If we add housing in North Bay shore, lets say mostly google people will likely move in
One spouse working at Google, one working someplace else.... so instead of one car comming to Mountain View, we have one leaving Mountain View. The children get packed into our already over crowded schools....(we are not building any new schools are we?)
Then first spouse gets a new job, say in Sunnyvale.... do they move? No! of course not! That would disrupt schooling, and it is an easy commute..... Now what does it do to cost? Do you think it is possible to build enough housing to make it so everyone that wants to move to Mountain View can? It has not worked yet for New York, Hong Kong, Shanghi.... How much housing shall we build for this experement? Have things gotten better or worse by adding more housing and more jobs? Twice the people behaving just the same.... Twice the cars, twice the impact on schools.

The myth that adding more houseing will make ANYTHING beter is just a myth made by people that build and rent housing! Stop dumping a City in my town! If you want to live in a city, move to one! Don't destroy my town with your social experements to try to prove a theory that has been disproven all over the world!

The very best thing Google could do for Mountain View is move to San Francisco or San Jose or any other CITY before they destroy our town with their growth.

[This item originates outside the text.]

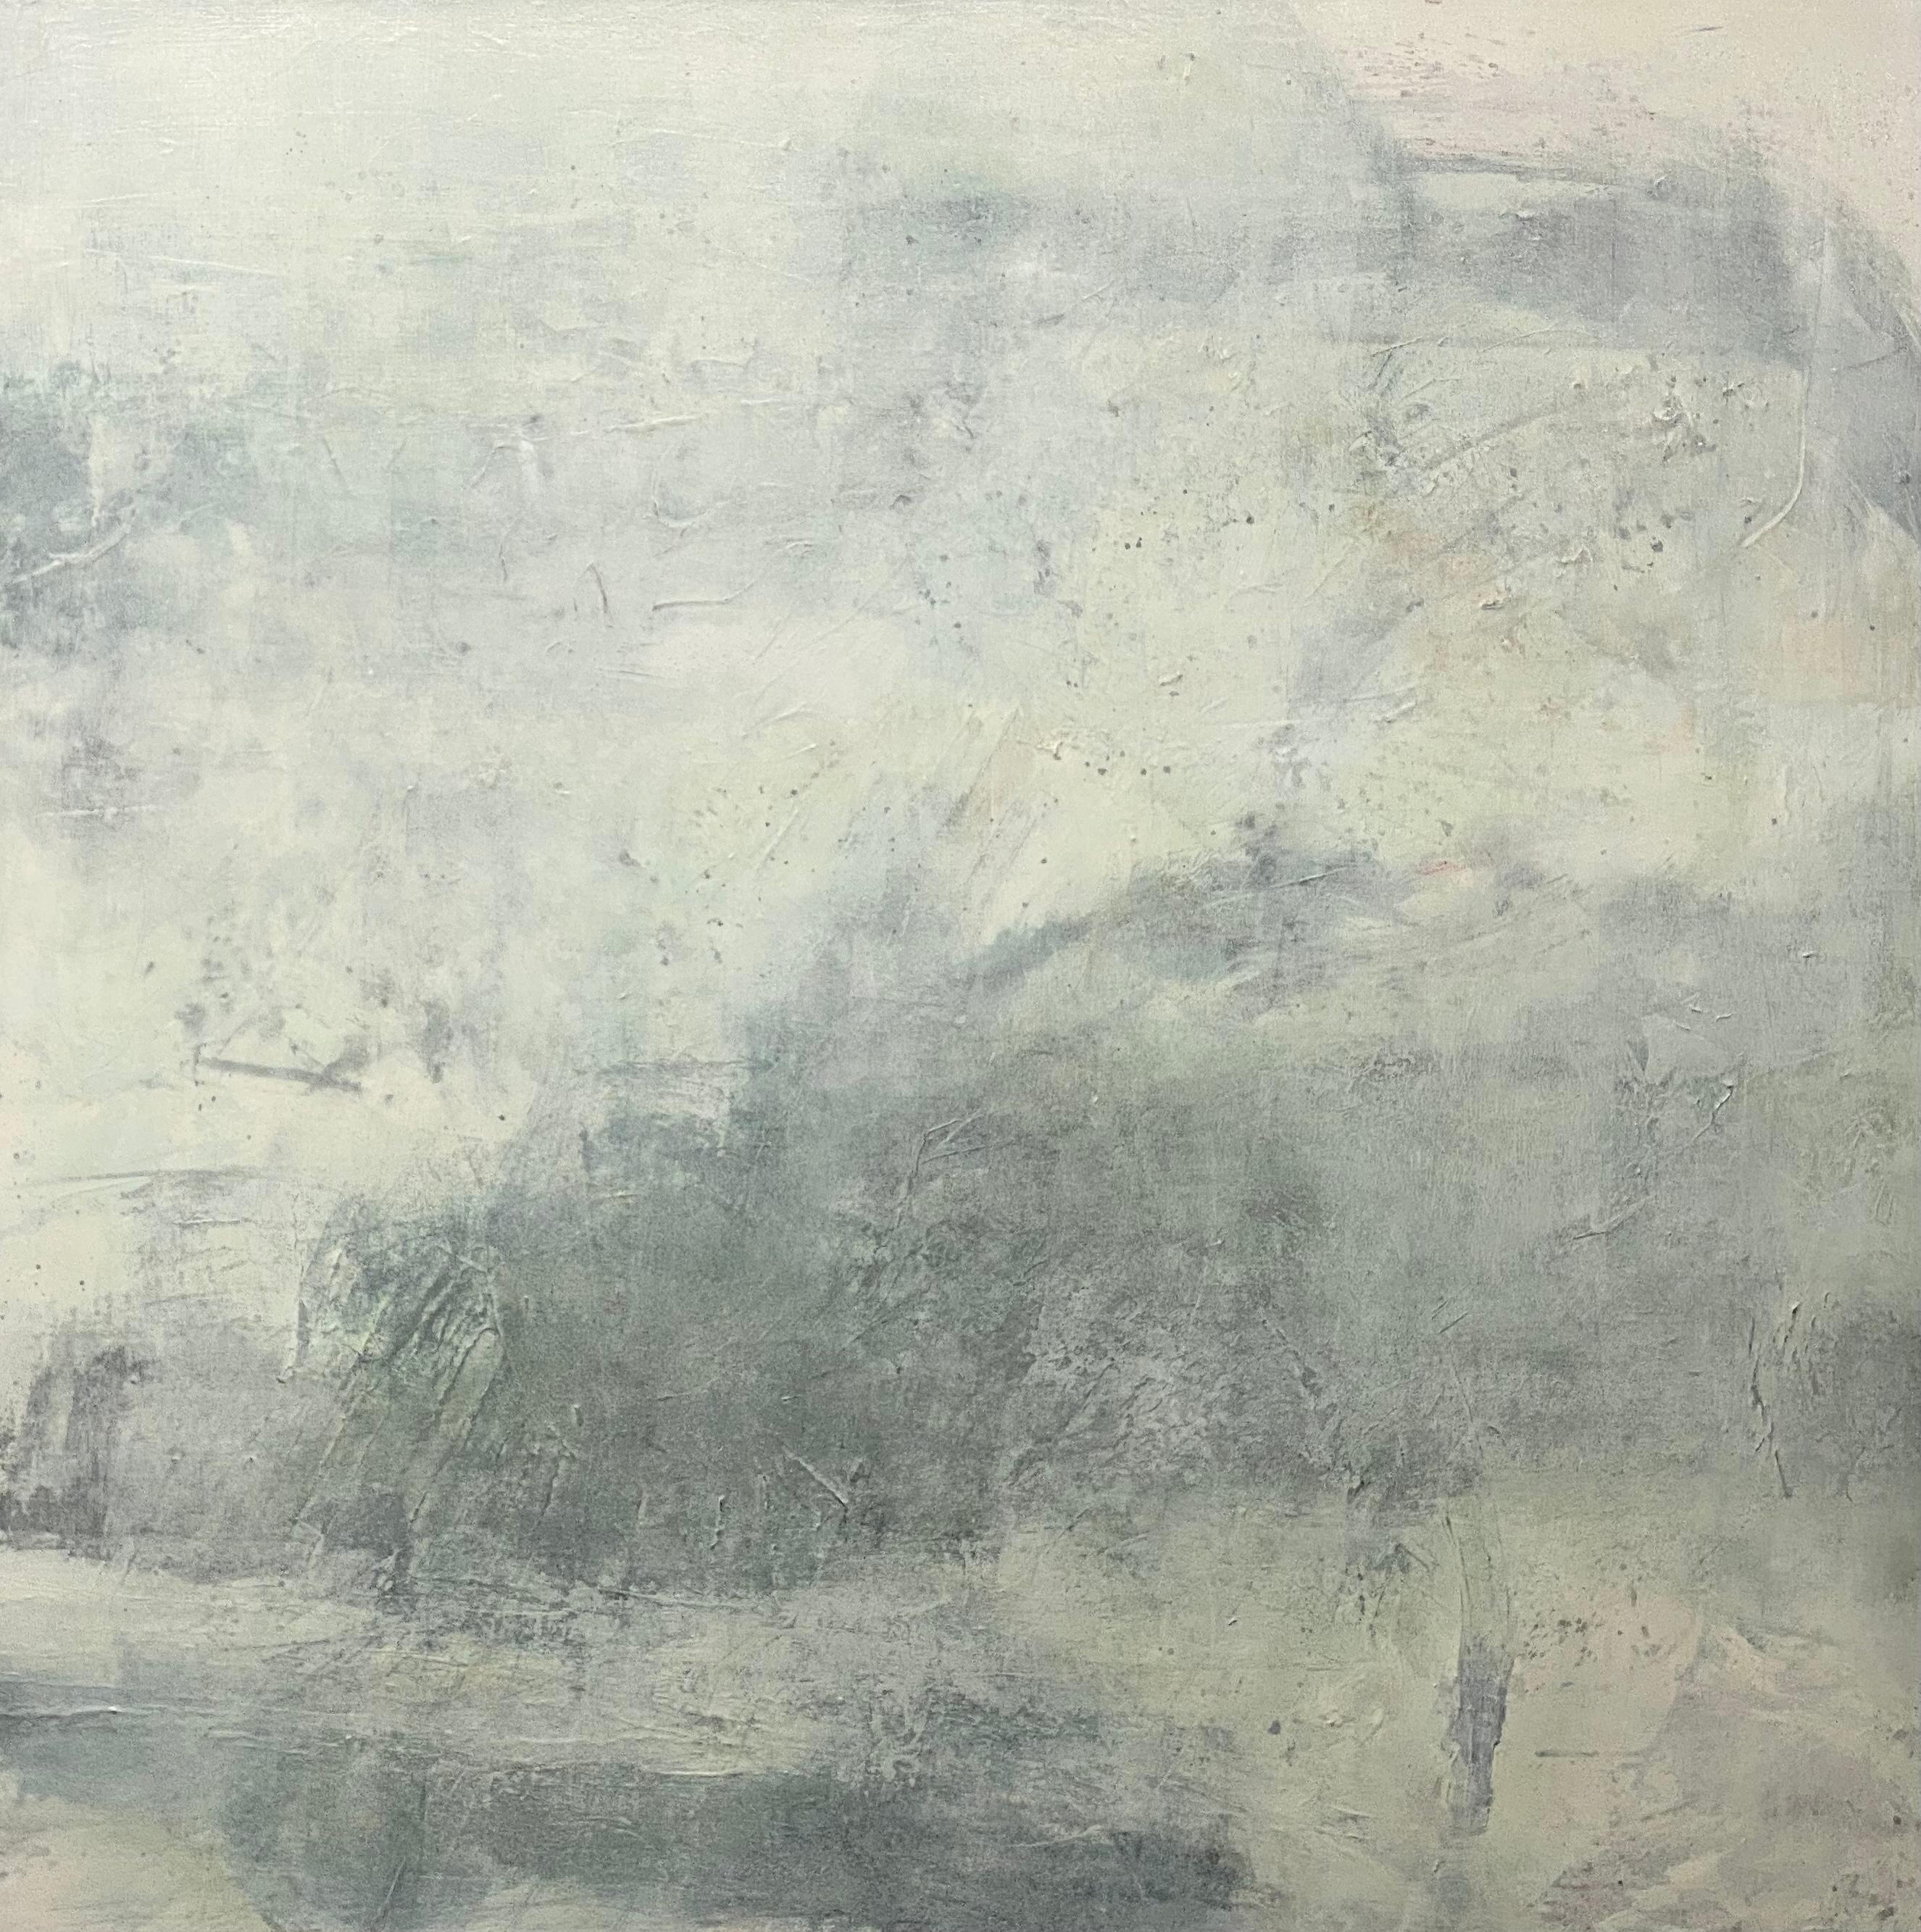 Juanita Bellavance  Landscape Painting - It was a misty day, Contemporary landscape, seafoam, ethereal abstract,

Posted by Christopher Chiang, a resident of North Whisman
on Mar 10, 2014 at 4:55 pm

If every nearby town refused to build housing, people will be pushed to drive further, live further beyond their means, or pack into existing housing and surrounding infrastructure not designed for high density.

By ignoring housing, the problem doesn't disappear, it just manifests itself in traffic, stress, and secretly packed housing among existing supply. How are those manifestations any better for -our- town?

Hoping for that Google will leave just creates a new set of more severe problems. Anyone been to a town hit with underwater mortgages, vacant offices, and high unemployment?

Want to prevent extra traffic from housing in North Bayshore? Just don't build parking/or making parking costly in any new development. Unlike the rest of Mountain View, where that just severely impacts the adjacent neighborhood, North the 101, that's not a problem. It's not like someone will park their car on the other side of the 101. Better yet, allow development conditional to private investments in mass transit infrastructure finally connecting North Bayshore to Caltrains/VTA.

Even better yet, those who would live under such car restrictions could take advantage of biking to work on the Baylands bike paths if they weren't local. The most beautiful part of our town by the water is surrounded by offices, while we live in a sea of concrete.

We innovate all type of solutions in our life, yet we continue to view urban planning in the 20th century suburban context (big house, drive to work) that sits on a carbon footprint unconscionable for the 21st century.